Task prompt:
Output the data unchanged and complete, minus the images.

Data excerpt:
============
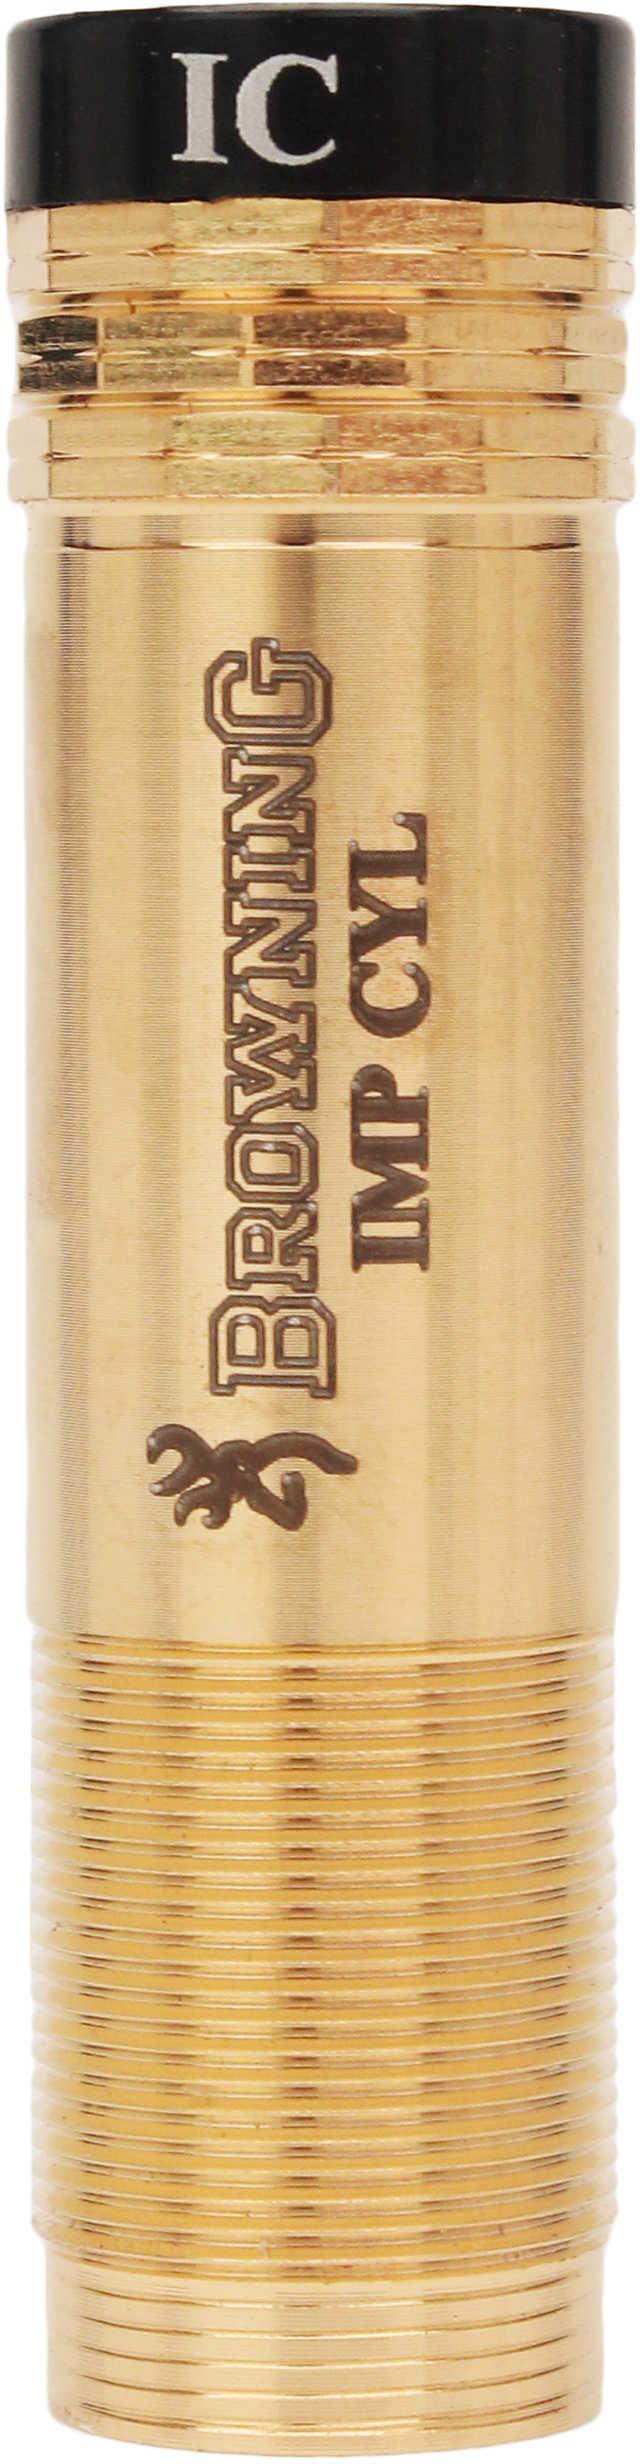 Browning 625 Diamond Grade Choke Tube 28 Gauge Improved Cylinder Md: 1136183
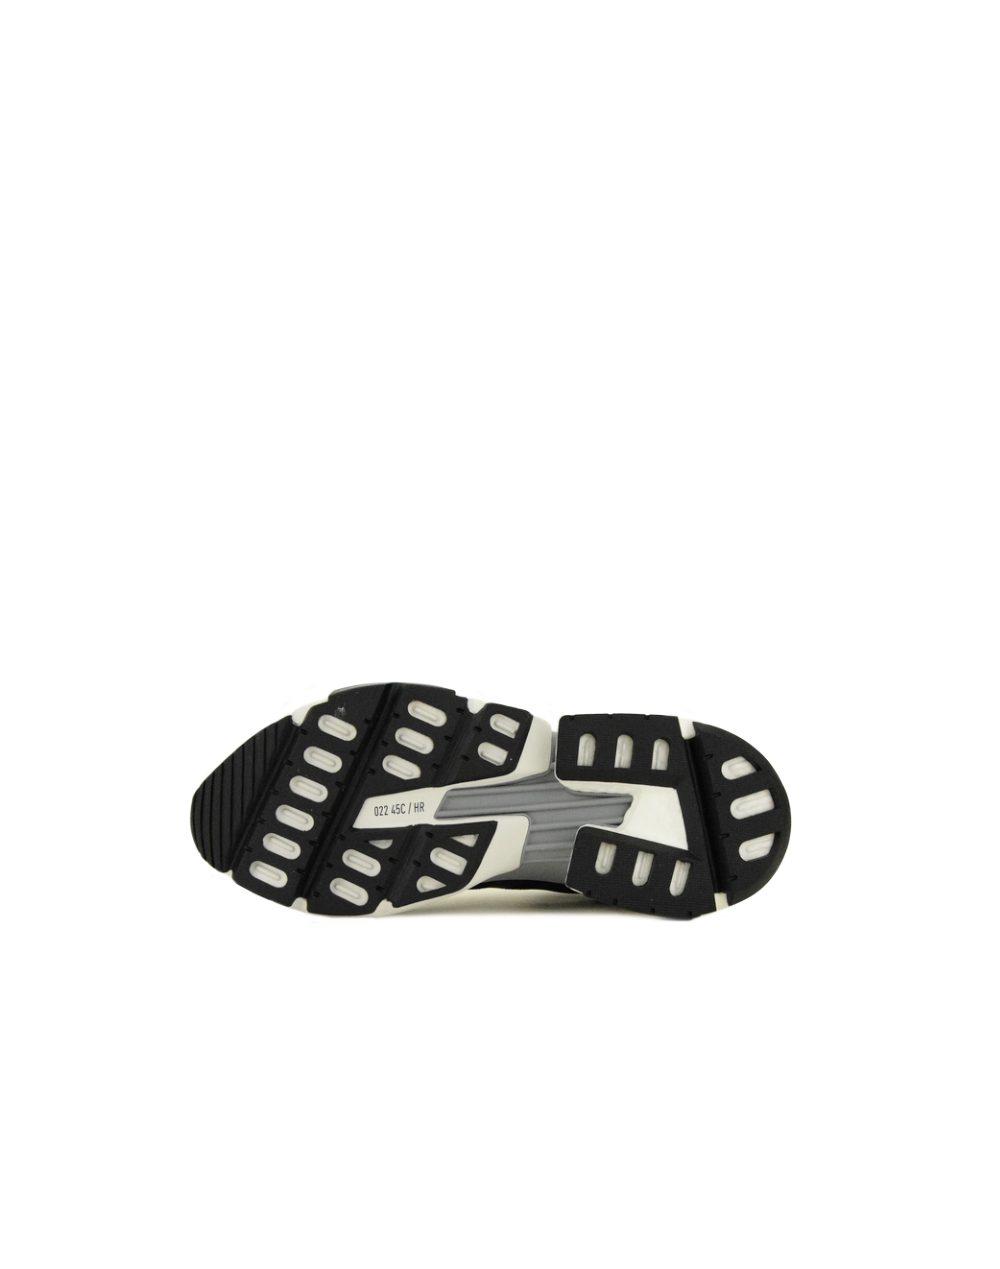 Adidas POD-S3.1 Black (BD7737)
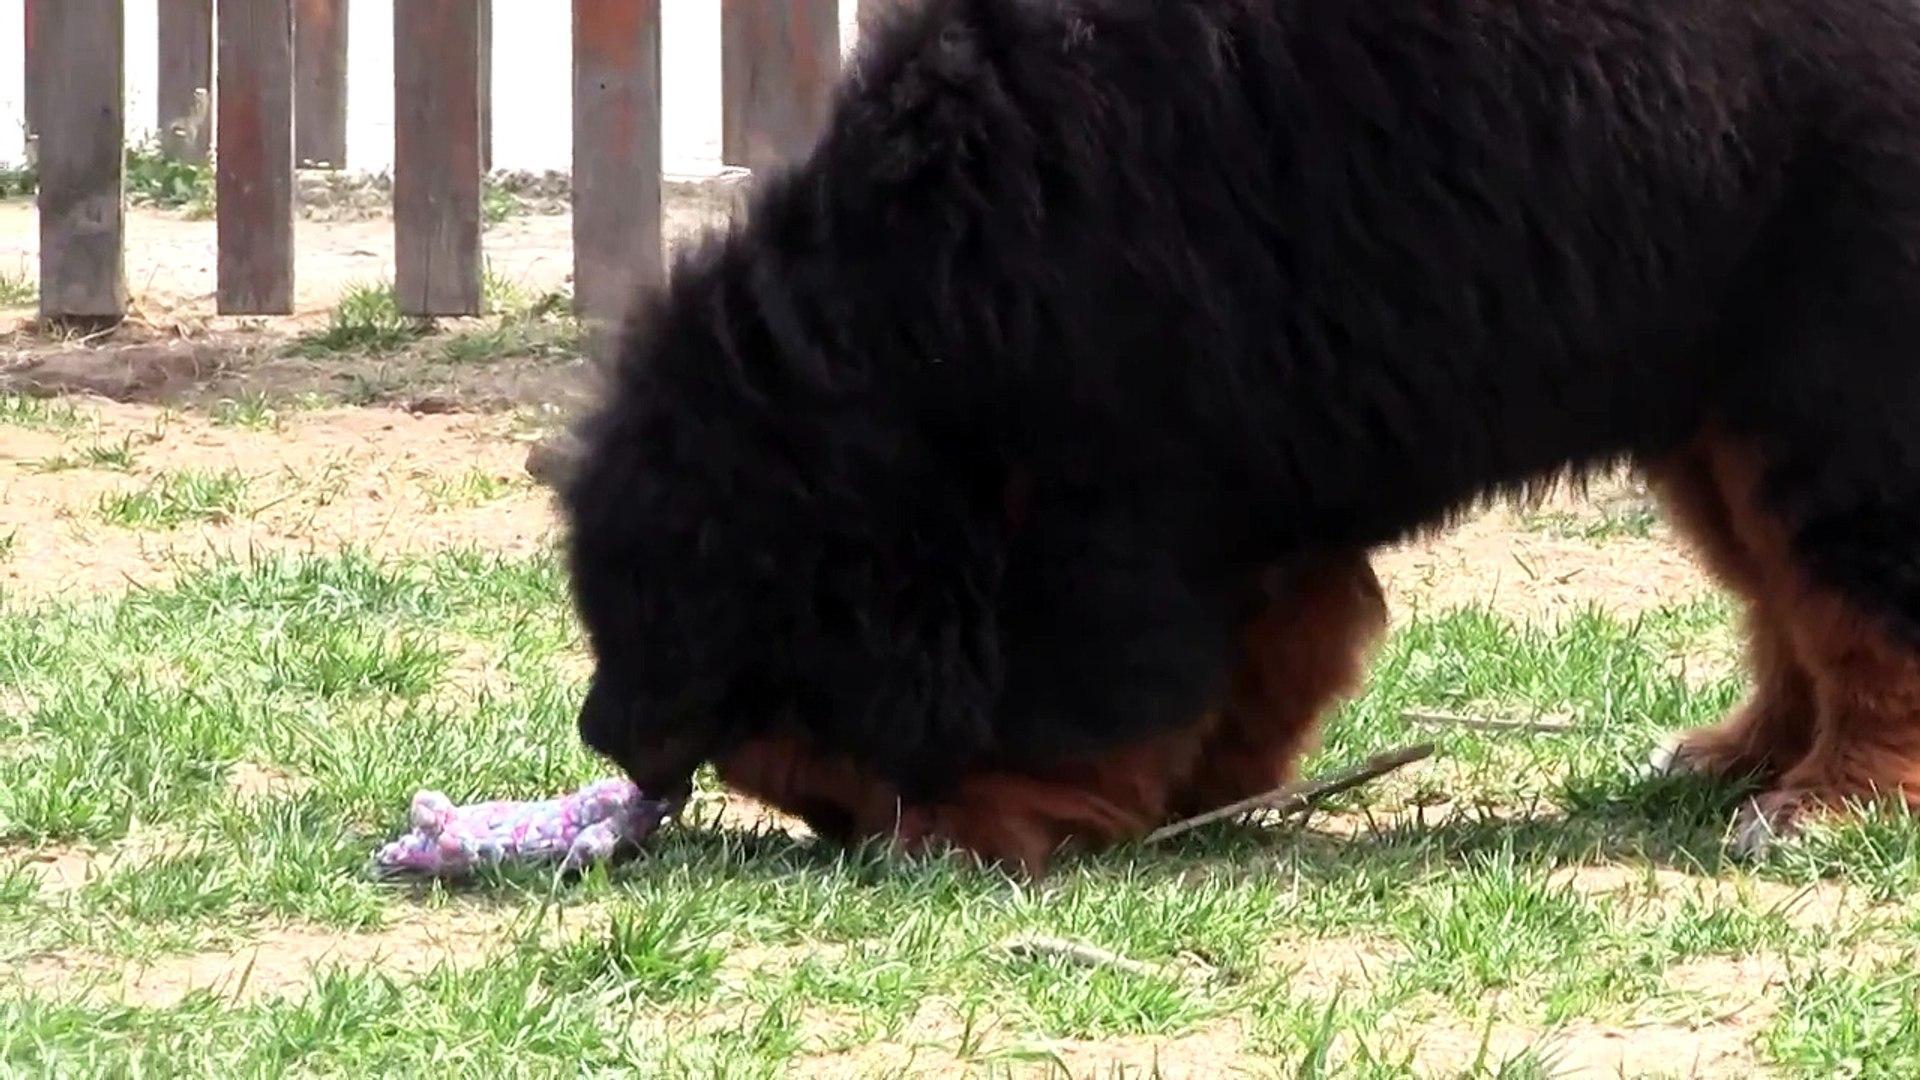 CiN ASLANI ve TiBET MASTiFi KOPEKLERi - CHOW CHOW and TiBETiAN MASTiFF DOGS
============
Answer section:
 Browning 625 Diamond Grade Choke Tube 28 Gauge Improved Cylinder Md: 1136183
 Adidas POD-S3.1 Black (BD7737)
 CiN ASLANI ve TiBET MASTiFi KOPEKLERi - CHOW CHOW and TiBETiAN MASTiFF DOGS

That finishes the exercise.